The Southwestern University Pirates started the season ranked ninth in NCAA Division III by the American Volleyball Coaches Association (AVCA) and finished in a five-set loss to No. 4 Colorado College in the Southern Collegiate Athletic Conference (SCAC) championship match.
In between was the story of a young team buoyed by strong leadership from a small senior class, working to find its footing among the nation's elite teams.
The Pirates began the season ranked in the top 10 nationally, which spoke to the amount of talent they had. However, having a lot of newcomers to the 2018 team and three consecutive losses to nationally or regionally ranked teams in three sets each, revealed how inexperienced the team was.
The Pirates finished 18-12, including 12-4 in conference, receiving more votes than any other team outside the AVCA Coaches' Poll's Top 25 and finishing on the outside looking in at an NCAA Tournament bid.
When facing elite competition early, the Pirates struggled, losing to nationally-ranked Trinity and Colorado College in three and four sets. By the end, they defeated Trinity in four and took Colorado College to five.
"If you look at it, we had zero bad losses. All of our losses were to nationally and regionally ranked opponents," Head Coach Don Flora said. "To have that sense we were battling and battling, getting closer to breakthrough wins, those were really important steps of our growth."
The cathartic moment of the season came in October against a string of nationally ranked opponents, taking both Texas-Tyler and Mary Hardin-Baylor to five sets. After losing to Colorado College, the Pirates reeled off seven consecutive wins before a five-set loss to Trinity in the last match of the regular season.
"There were a lot of great markers in the sand of our growth, but that stretch solidified in our minds that we can," Flora said. "And once we decided we could, we did."
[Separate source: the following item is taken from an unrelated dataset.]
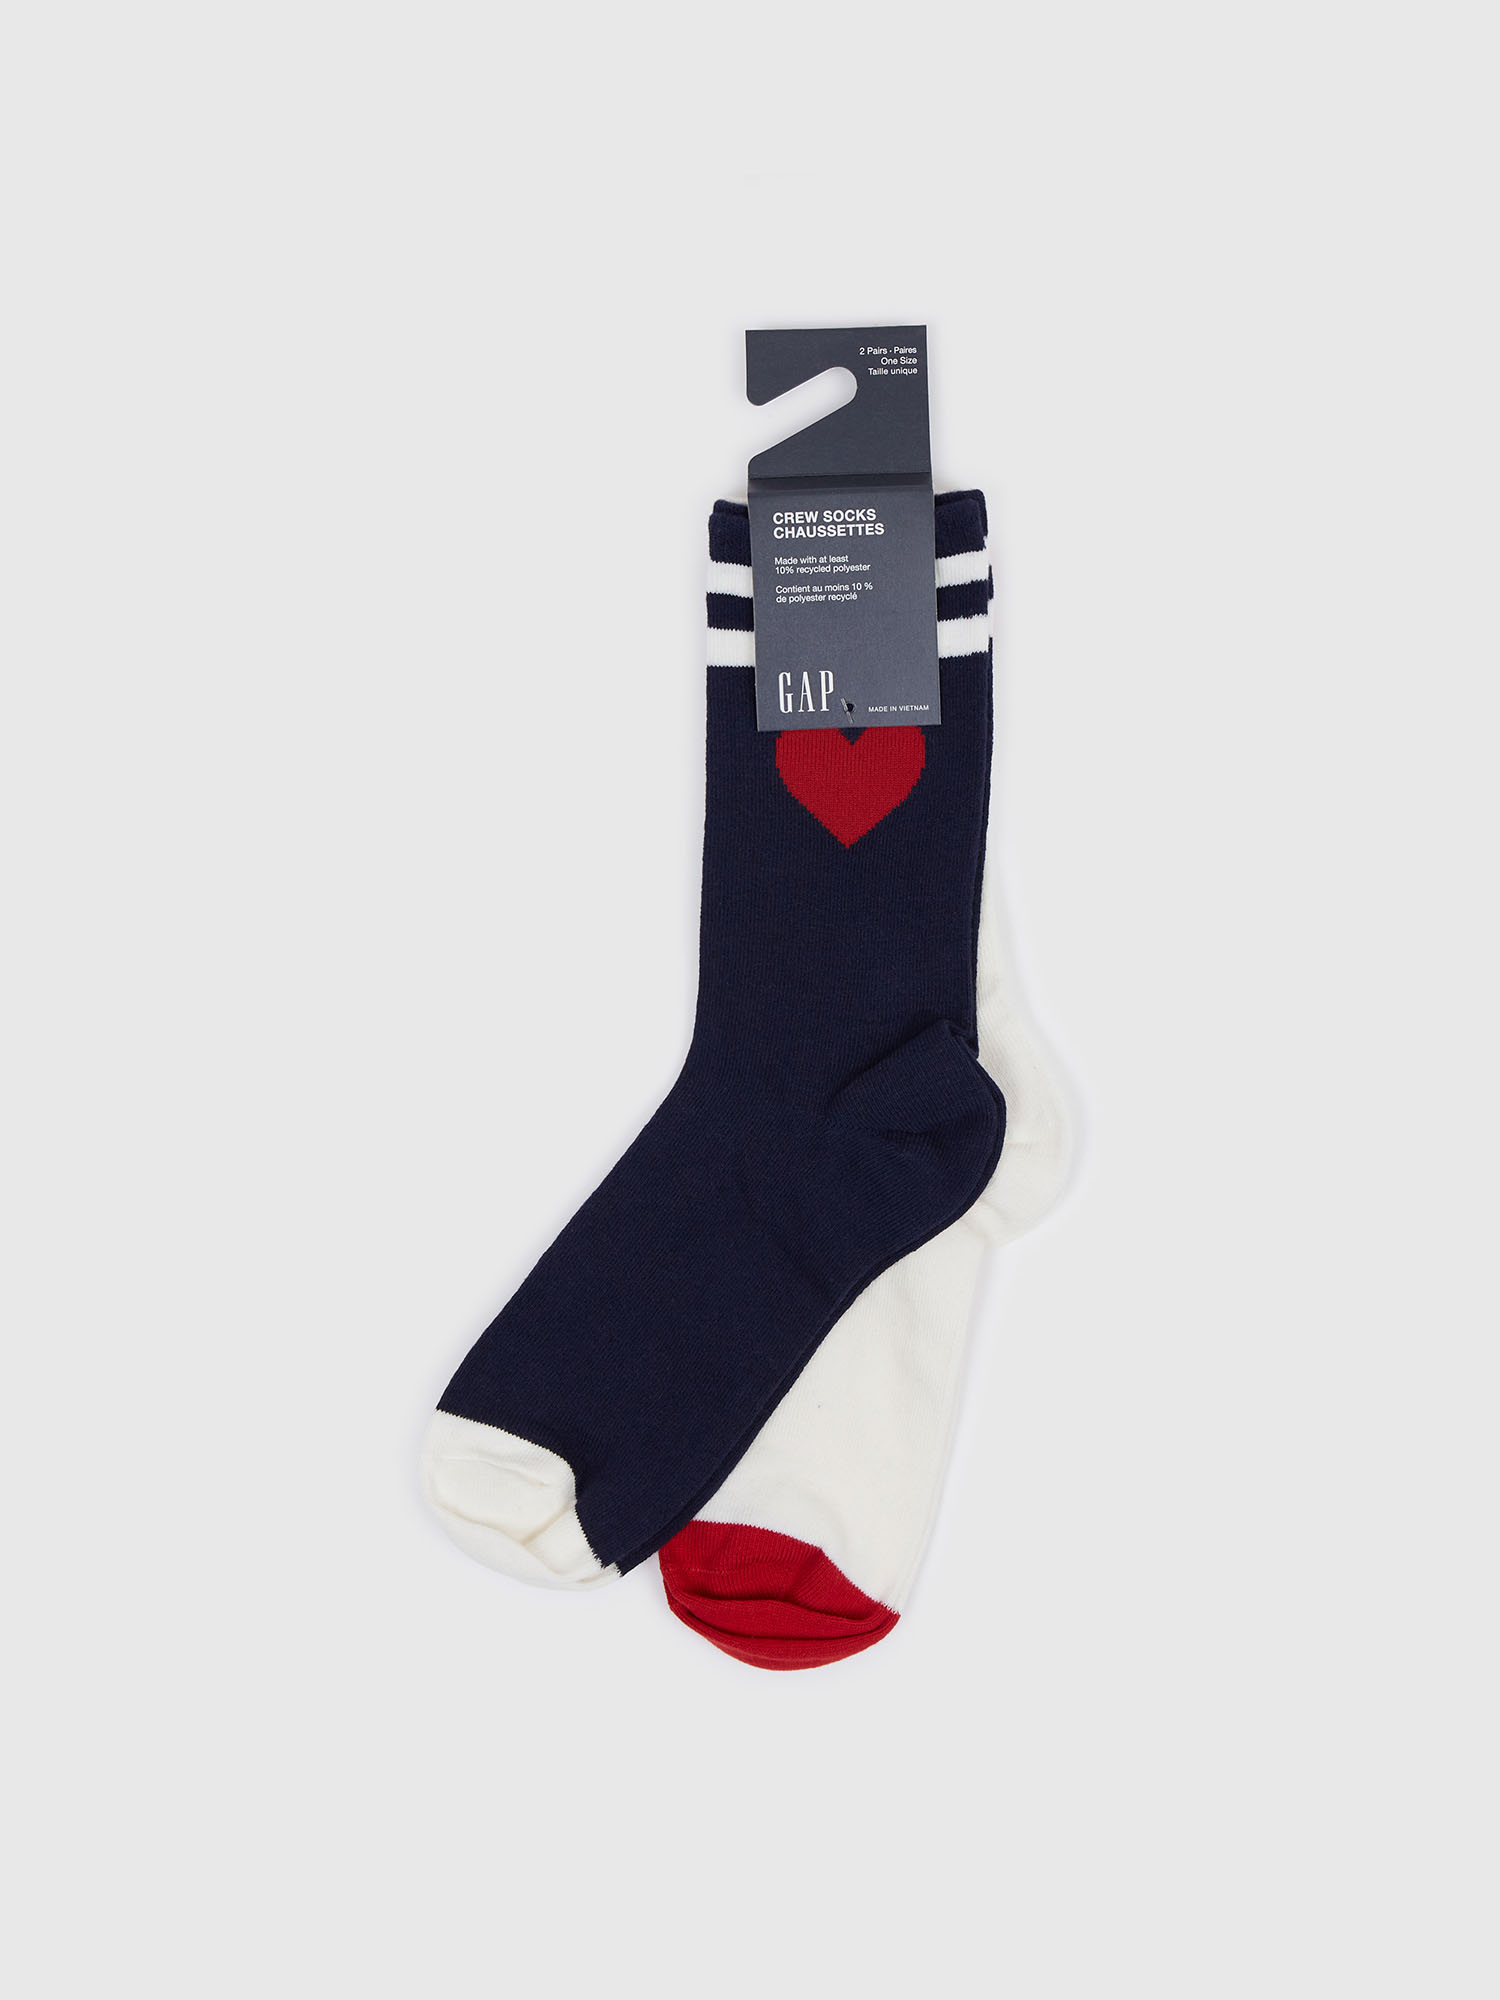 GAP Women's patterned socks, 2 pairs - Women

Nine first-year students composed more than half of the Pirates' 17-woman roster and the strides made by the team were exemplified by Ashley Whitlock, who went from not starting to making Second Team All-ACAC.
Whitlock led the conference in blocks per set (0.89) and hitting percentage (.395) in conference play.
"This is a really good conference and Ashley went from not playing to being one of the best middle blocker, numbers-wise, in conference play," Flora said. "It really threw me off when I saw her numbers at the end of the year. Over the last few weeks, she really ascended to another level."
The rest of the team matched that growth. Whether first-year setter Makenzie Mendez improvement sparked the emergence of the Pirates' young front row. The development of new options sped up her progression as she stepped up as one of the best young setters in the conference, helping Southwestern improve its efficiency throughout conference play.
"What Makenzie did to take over the offense, to run the offense and lead the team, making decisions, was huge," Flora said. "She had a really good tournament with 22 digs against Colorado College."
One-by-one and as a collective unit, the young players stepped up. Ali Grona made key digs throughout the tournament, stopping big swings with no block up to thwart opponents' best shots. Alyssa Dooley found seams against Trinity in the last match of the regular season, earning the final SCAC Offensive Player of the Week of the season.
"One of the things with our program is learning is job one," Flora said. "We really want our student-athletes to understand the game.
"Volleyball IQ is an important component of what we look for in who we recruit and what we expect from them during their time here. The magic is in their ability to want to learn and improve."
For the second year in a row, the Pirates' development program paid off with a senior making the All-SCAC First Team after not making an all-conference team in any of their previous three years.
Jamison Duck led the conference in kills per set (3.25), showing an all-around game by finishing second on the team in digs with 15 double-doubles in points and digs during the regular season.
"She just bought into the process of learning," Flora said. "Jamison and Brandi Campos had really strong years for us. If you look at them, Jillian Jeane, and the leadership they brought as seniors, they left the program better than they found it."